Even though so many peripheral people were impacted, I still felt alone in my grief. I felt small and lost and alone. We lost him, my mother had said, but I think what really happened was that we all got lost. But there were moments of connection. When my friend Sarah Doane sat and played Mall Madness with me for hours while my mom wept with my aunts and uncles. She let me shut it all out and pretend to still be a kid. That was an act of kindness. Sarah’s mom, Michal, let us sleep over at each other’s houses on school nights sometimes when I was really sad. That wasn’t something she would normally allow, but making an exception was an act of kindness.

At the funeral home, one of Adam’s classmates, Tom Streng, sat next to me for so long watching old videos of Adam. The video just kept looping and looping. He sat with me the whole time, as an act of kindness.

That same night, I remember someone coming over to me and saying that a bouquet of flowers had been delivered for me. ME. I was in 6th grade. I had never been given a flower before, let alone had a bouquet delivered especially for me. Sure enough, there was a simple vase filled with yellow roses. They were from a boy in my class, Bobby Packer, who had confessed his undying love to me on the regular for about 3 years straight leading up to this. I still remember my mom telling me that red roses mean love, but yellow roses mean friendship. On one of the hardest days of my life, Bobby extended what I needed most - a sign of friendship, and act of kindness.

This is why we do acts of kindness in October. Because small, generous, thoughtful acts of care and concern are healing, buoying and uplifting. They are meaningful, they are memorable. They help tether lost people to the hope of being found again. From the moment that Adam died, the people around me have been performing small, but meaningful acts of kindness and that has made some very tragic times just a bit more survivable. God has placed people in my life to love me and support me and to walk through this process with me long before they were adults, long before they knew how to support someone in their grief.

In his kindness, God has sweetly and gently brought me through the darkest times in my life, and he has done so by bringing me friends and strangers who weren’t afraid to be there, even when it was uncomfortable. Friends like Chrisann Hanson, who called me La and wrote AP17 on her shoes with me. Friends, coaches, teachers, neighbors… people who stepped outside of themselves and extended kindness to our family when we were just re-learning how to put one foot in front of the other.

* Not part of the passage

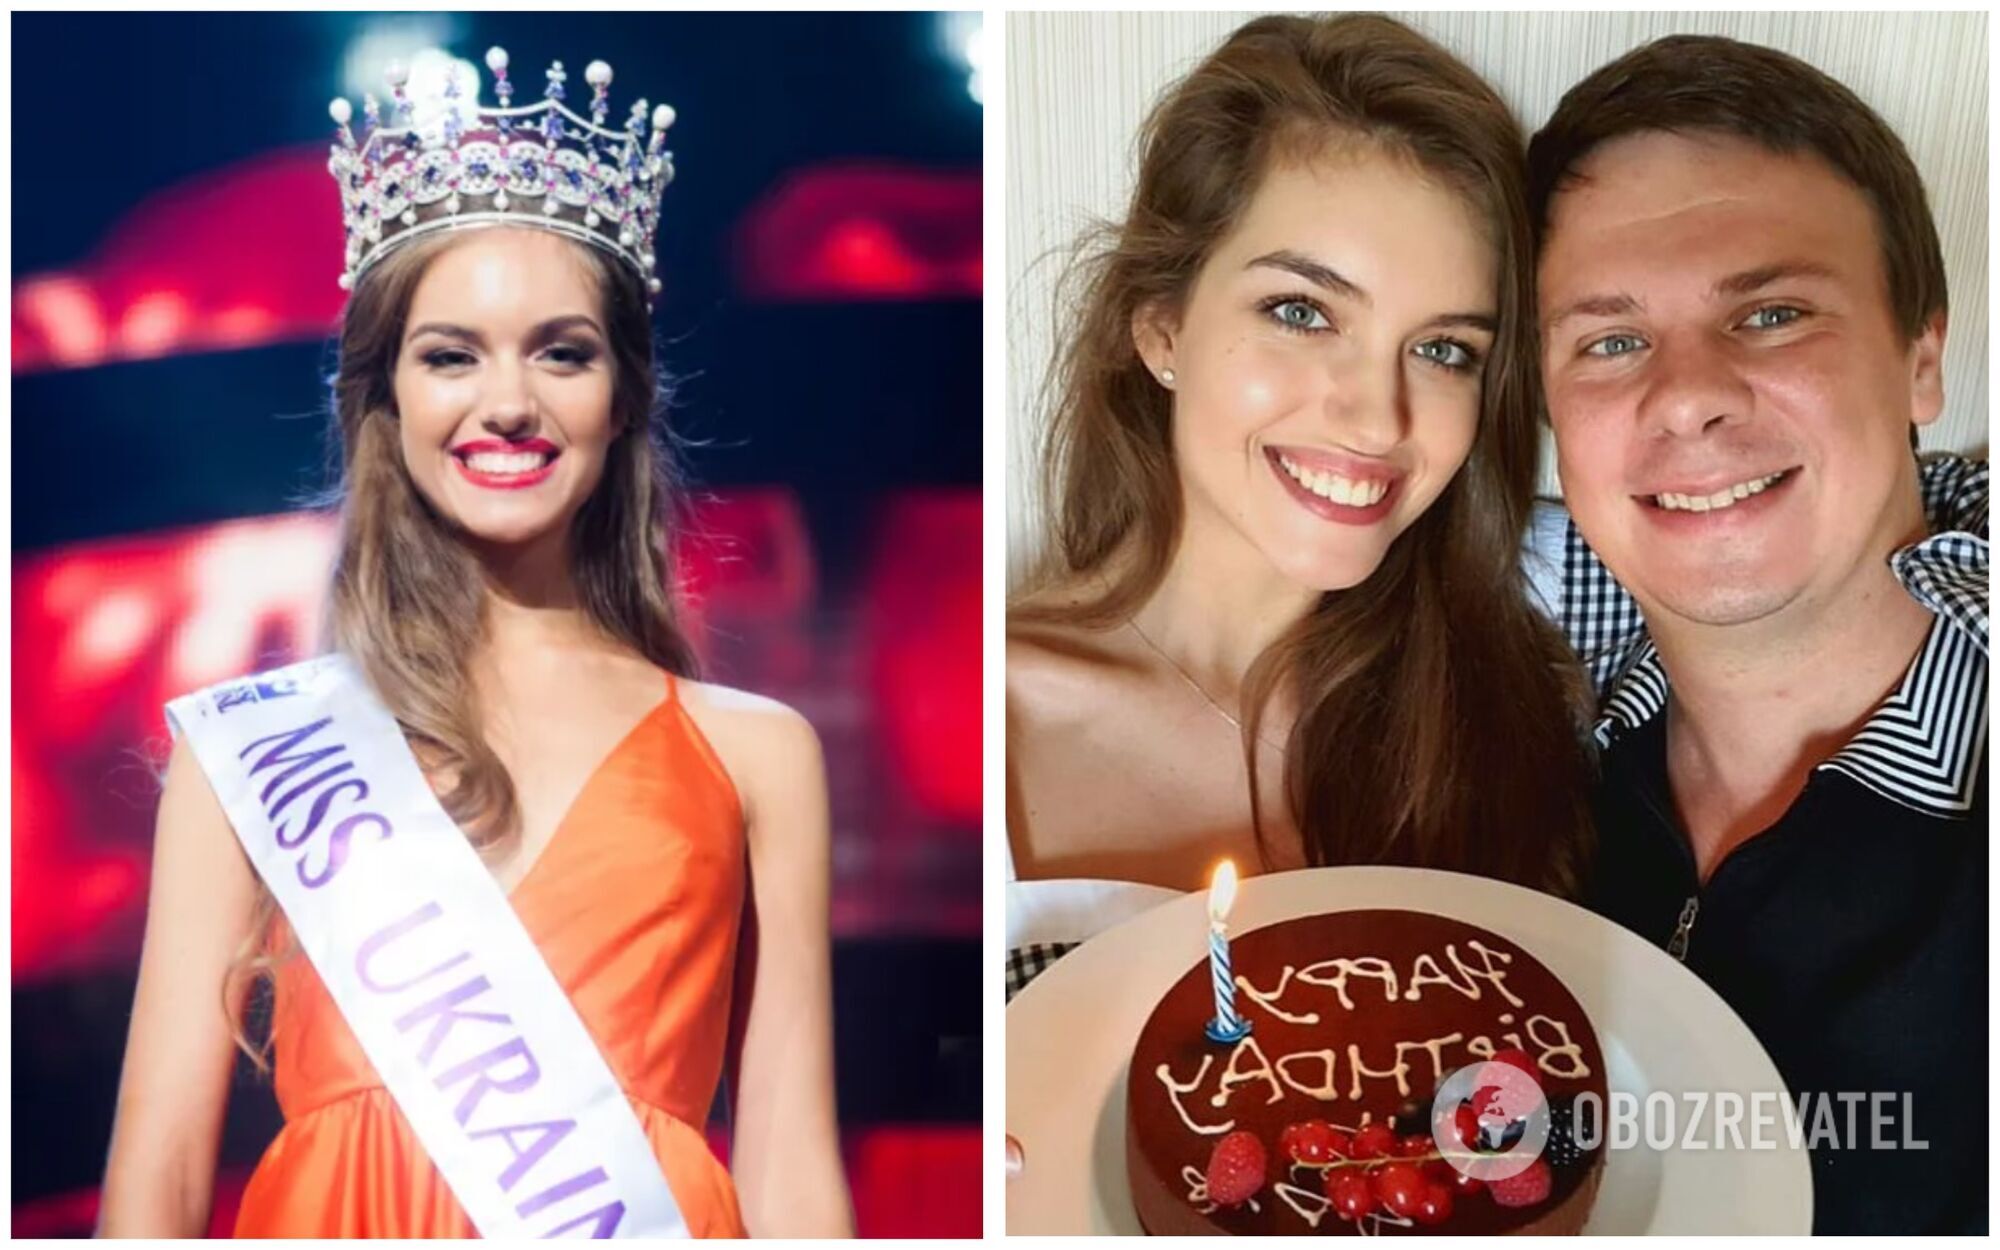 "Мисс Украина" 2016 года Александра Кучеренко вышла замуж за известного телеведущего Дмитрия Комарова

So. That’s why. For every person who has asked why we are all out there blabbing about what kindnesses we do. This is why. Because kindness can make a real, lasting impact on people’s lives. And I think that is worth sharing and celebrating.

My beautiful friend, Sue Delgatti, has continually showered my family with kindness over the past few years. She has been one of the most active participants in October and Sue is no stranger to loss and heartache. She has overcome a world of challenges… and here’s what she sent me today, completely unsolicited:


I love participating in this movement because I believe in kindness! I believe it can make a difference. I believe it helps me be a better person. I believe that God wants us to use great sadness and brokenness for good and I believe it helps us heal. Participating brings me this odd sense of joy and takes my eyes off me. I’m encouraging you all to try it because I’m pretty sure you’ll like the way it makes you feel. Kindness IS contagious and I think you will be surprised at how it becomes part of your life and the joy that it brings. So.... jump on into #AdamsActs and #catchthekindness! Make someone smile, be an encourager!!! As is often said- “be the change you want to see in world”

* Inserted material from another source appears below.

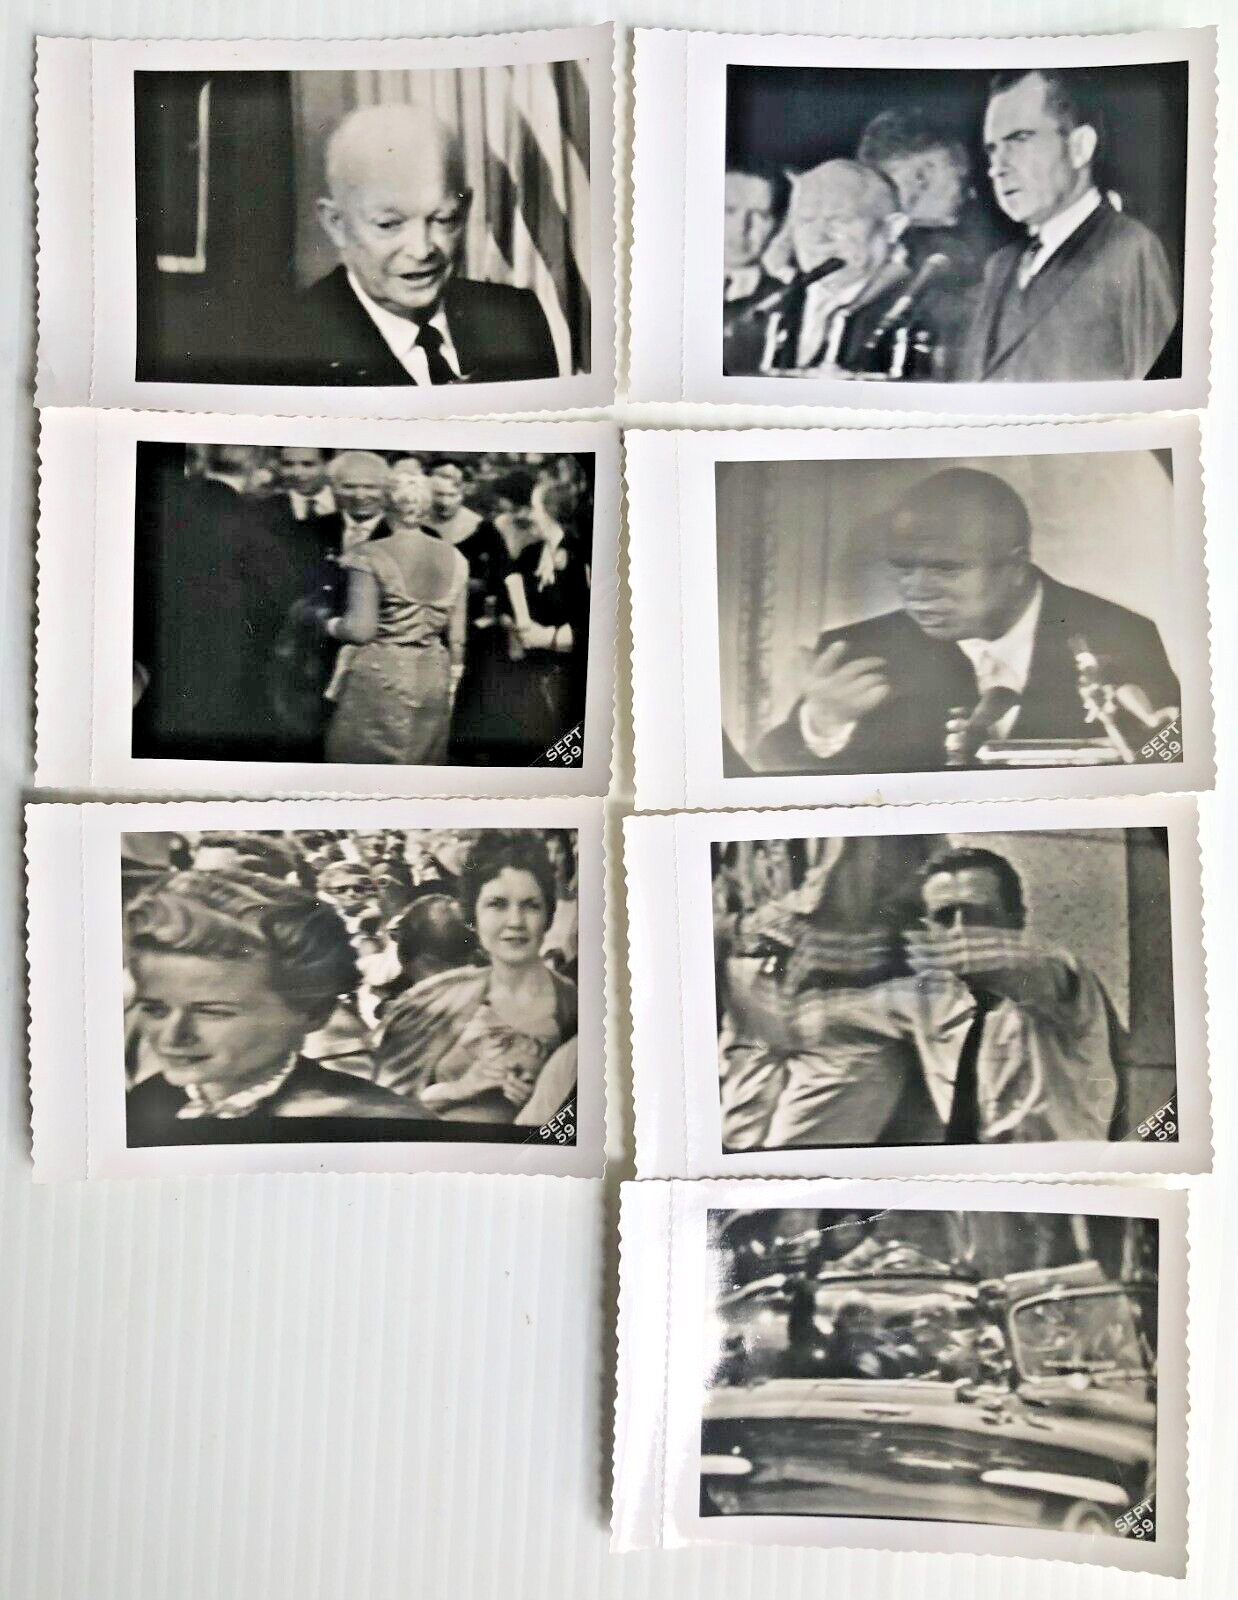 Nikita KHRUSHCHEV Sept. 1959 US visit PHOTOGRAPHS taken from TV Eisenhower Nixon

Sue basically sent me a commercial for #AdamsActs. Just a little plug out of the blue in case someone needed it. This is kindness people. When you are so in tune with the needs of the people around you that you meet those needs before they even realize they had the need. Because what Sue doesn’t know, is that today I was fielding a little bit of criticism about publicizing kindness. This happens every year, but more and more as the blog gets bigger. Tomorrow I will address some of this - and probably the state of the nation as a whole - but mama needed to cool off first. What I needed was a reminder that what we are doing matters, that it pleases God because we are loving his children. In the same way that so many of you loved on that lost little child after her brother was taken away so suddenly. Kindness gives birth to more kindness. That is as noble a goal to pursue as any, and definitely one worth sharing.



Day 8: Chemo Care Drive

I can’t believe that we are officially starting week 2 of #AdamsActs!! It’s been a strange month for me so far, to say the least. I am still feeling quite dizzy and out of it, and I am down about ten pounds. Despite having been called a fat cow multiple times in the hospital, I actually don’t have a lot of extra weight to spare at the moment… so ten pounds is a bit rough. I am still not cleared to drive, so I thought now would be a good time to kick off my plan for the rest of October.

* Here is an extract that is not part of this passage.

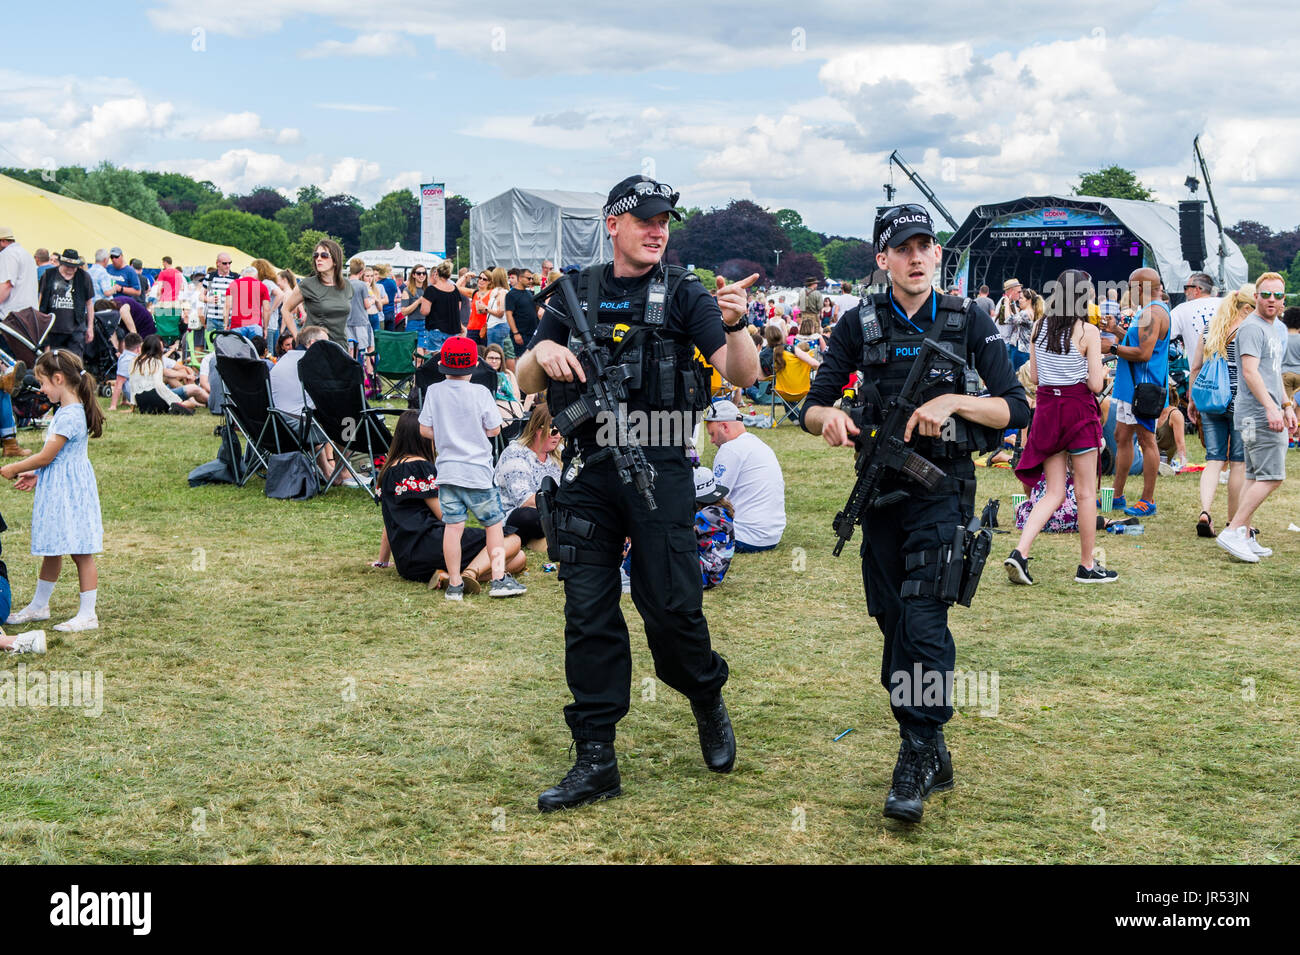 Armati di pattuglia di polizia Coventry Godiva Festival di musica, di Coventry Regno Unito in risposta all'ondata di recenti attacchi terroristici nel Regno Unito, Gran Bretagna. Foto Stock

In the past couple of years, I have collected items for various causes. One year I collected snack items for gift baskets which were then given to an organization called David’s Refuge. DR provides respite for parents and caregivers of children with special needs, long-term medical or terminal illness. The following year we did a blanket drive for homeless shelters. This year, I will be collecting items for people who are going through chemotherapy.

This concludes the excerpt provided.